Page 60 of Beloved Sacrifice

“Excuse me,” she said in a silky smooth voice. Both Wes and Marek looked a bit alarmed. Good. “I know it’s bad manners for the token damsel in distress slash pawn to speak, but I’m afraid my patience has run out.”

She turned around to face the man on the stairs. “Slit my throat or get out of my way.”

He was an attractive man, and the set of his shoulders and jaw lent him an air of command that, in another place and time, she might have had trouble ignoring. Gold eyes met hers. He moved the sword away from her neck, then slipped it into a sheath at his waist. Who the fuck carried a sword?

“Ma’am, I’m sorry to have threatened you. It was necessary in order for me to control and assess the situation.”

“It appears you won’t be slitting my throat, so get out of my way.” Rose put her foot between his on the step, her knee between his legs. It wouldn’t take much for her to lift her knee into his balls, which would drop him straight down.

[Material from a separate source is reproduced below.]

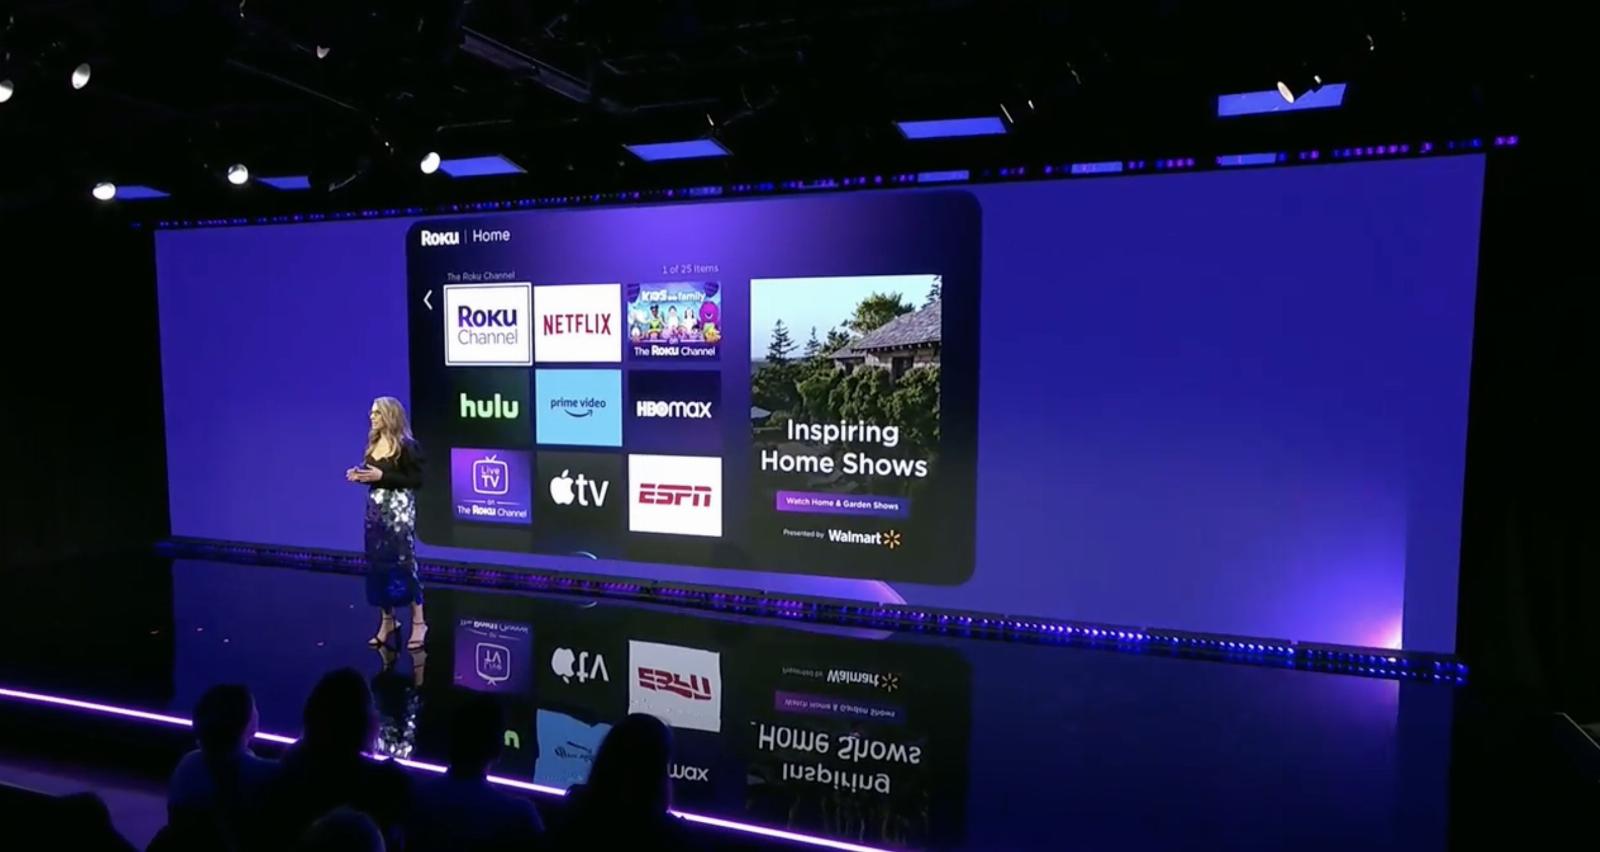 Roku touts its new ad products, including an AI that matches campaigns to TV moments

Knight stared down at her, apparently unconcerned by her planned ball crushing. Maybe he thought she wouldn’t do it?

“Move, Mr. Knight.” She said it quietly, in that same smooth, almost beguiling voice.

A line formed between his eyebrows. “Ma’am, I need you to take a step back. Once I’ve finished assessing the situation, I will release you if that’s the appro—”

Rose kneed him in the balls.

He shifted his hips at the last minute, so the inside of his thigh took the brunt of the blow, but her knee still slid up, jamming into his genitals.

Behind her, Wes and Marek both sucked in air through their teeth.

As Knight bent forward, Rose shoved his waist, pushing him to the side. He would have tumbled off the steps if one hand hadn’t come up, bracing against the stairwell opening above them. She didn’t wait for him to recover, but stepped over the stair he was on, sliding past his body and racing up the stairs.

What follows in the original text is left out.